(Data shown):
'''
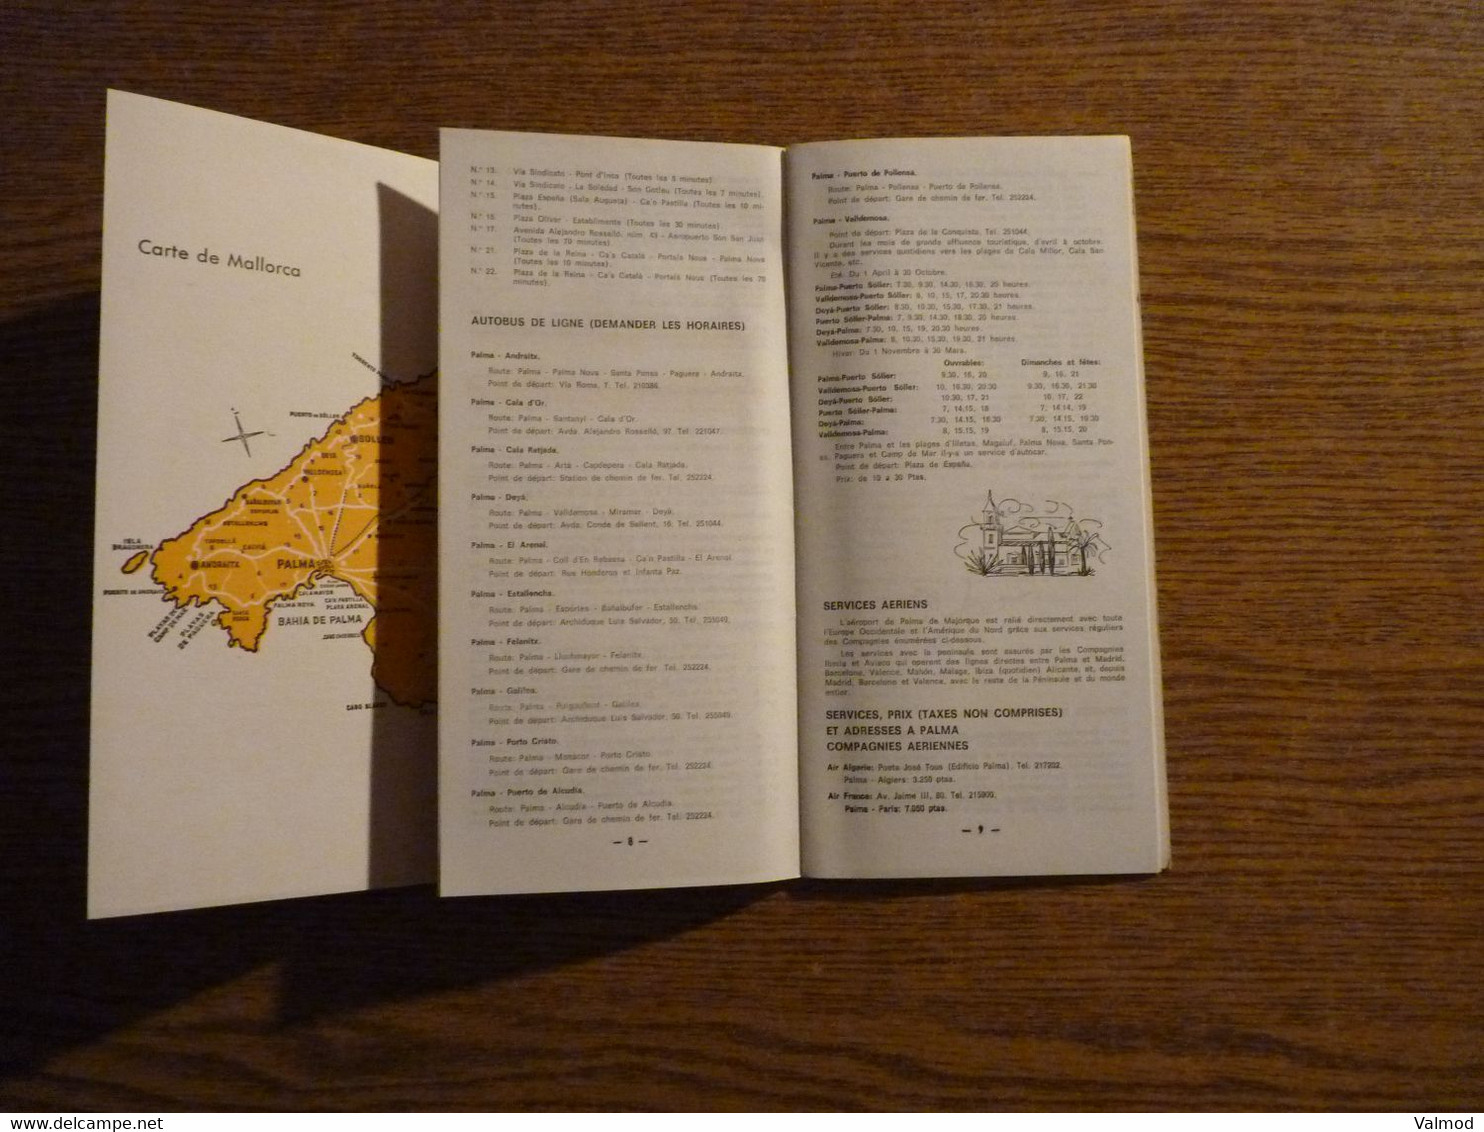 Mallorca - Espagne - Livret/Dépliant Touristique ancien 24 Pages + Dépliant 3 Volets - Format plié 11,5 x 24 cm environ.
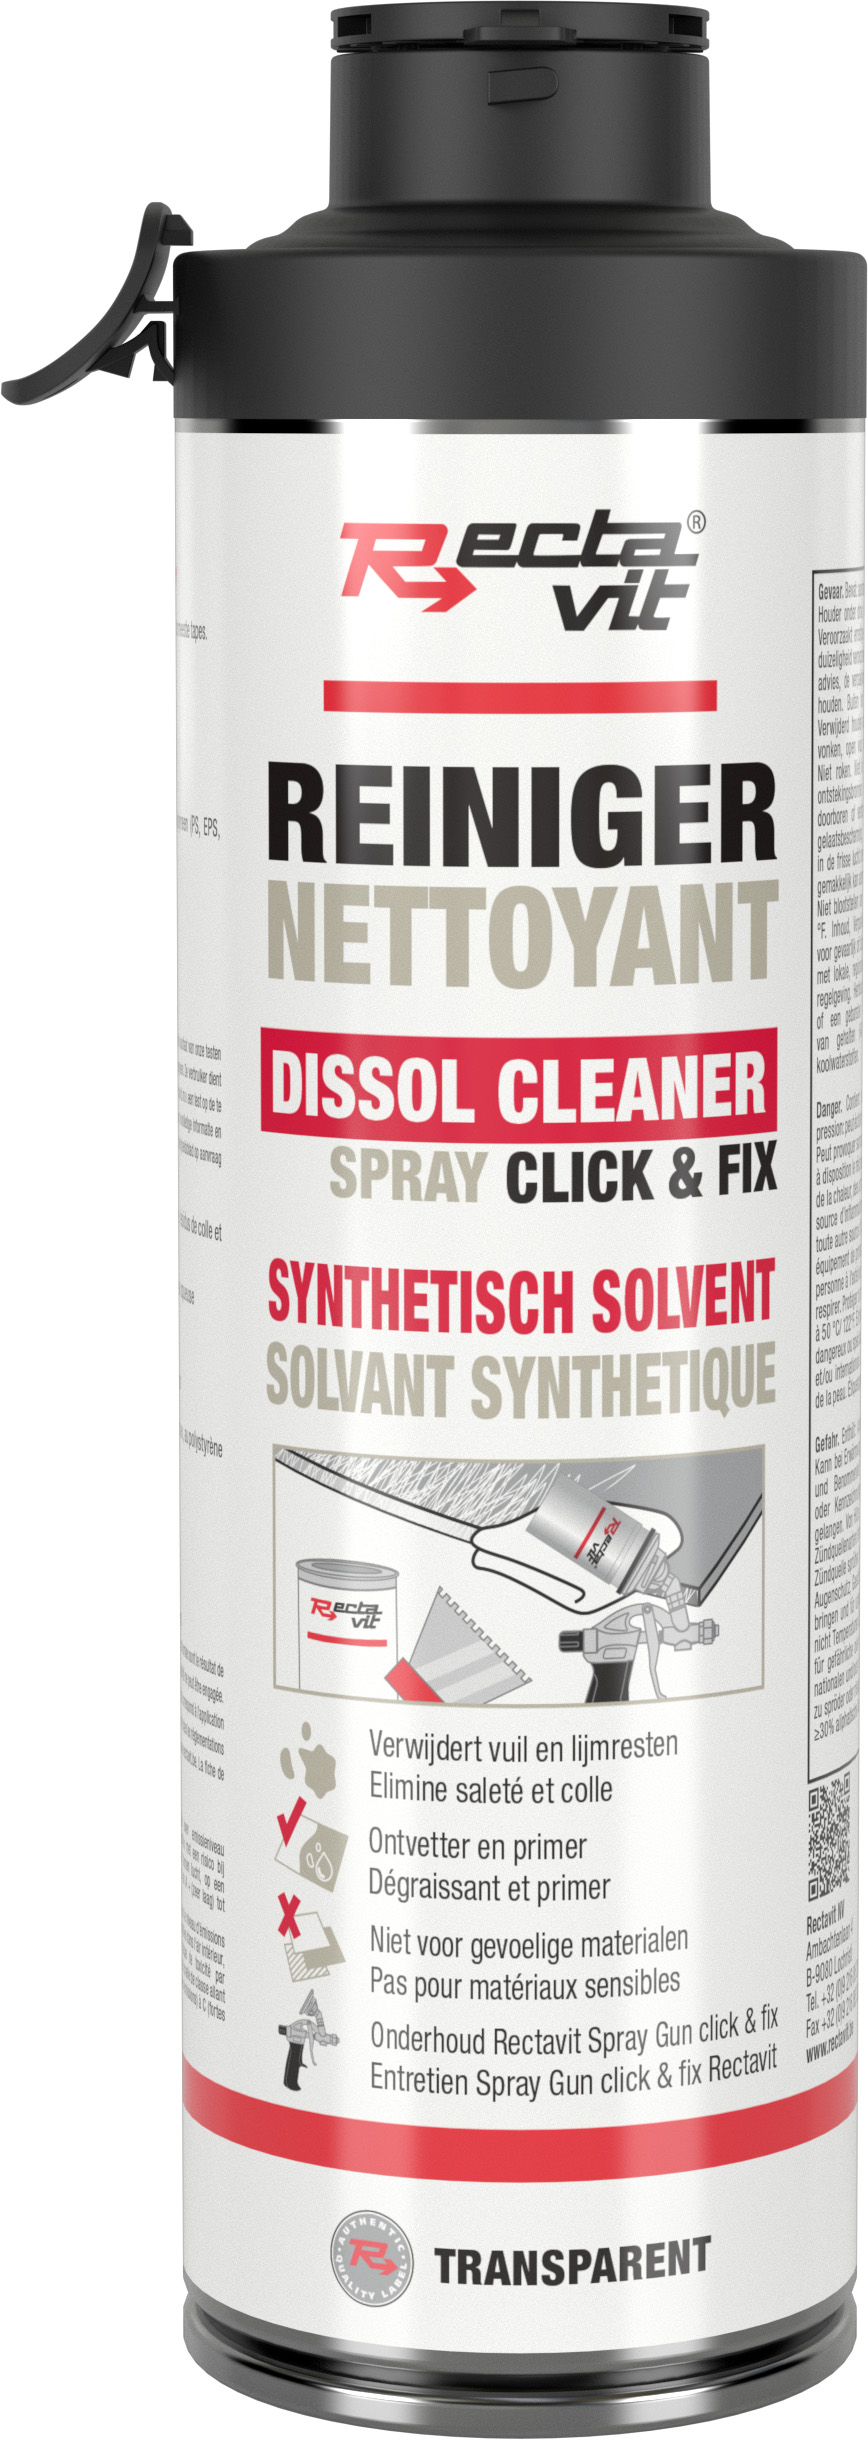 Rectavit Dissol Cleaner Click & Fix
'''
'''
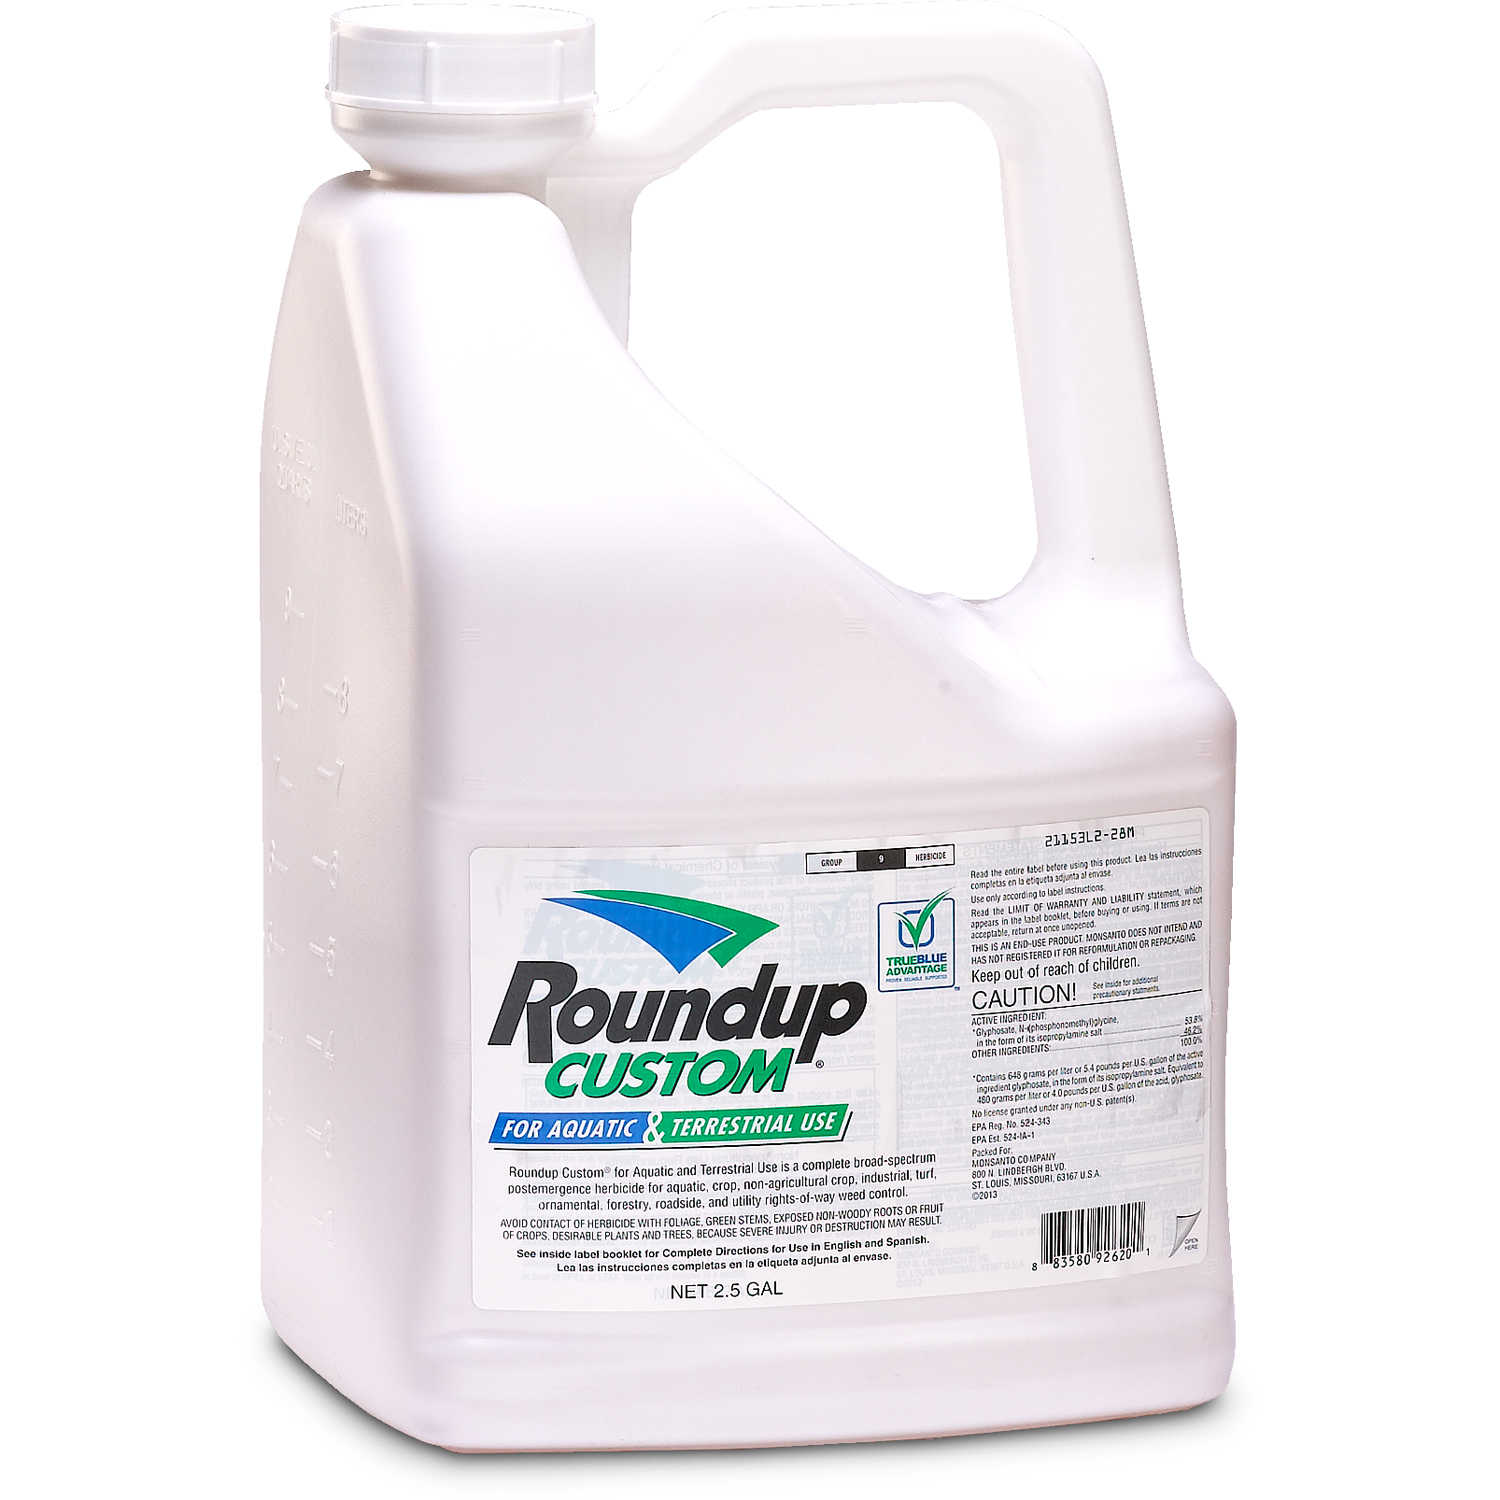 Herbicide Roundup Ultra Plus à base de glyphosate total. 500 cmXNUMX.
'''
(Requirement):
The expected output is the lines above from the one containing "Mallorca - Espagne" to the one containing "Rectavit Dissol Cleaner Click & Fix", both ends included, reproduced exactly with every picture left out.

(Task answer):
 Mallorca - Espagne - Livret/Dépliant Touristique ancien 24 Pages + Dépliant 3 Volets - Format plié 11,5 x 24 cm environ.
 Rectavit Dissol Cleaner Click & Fix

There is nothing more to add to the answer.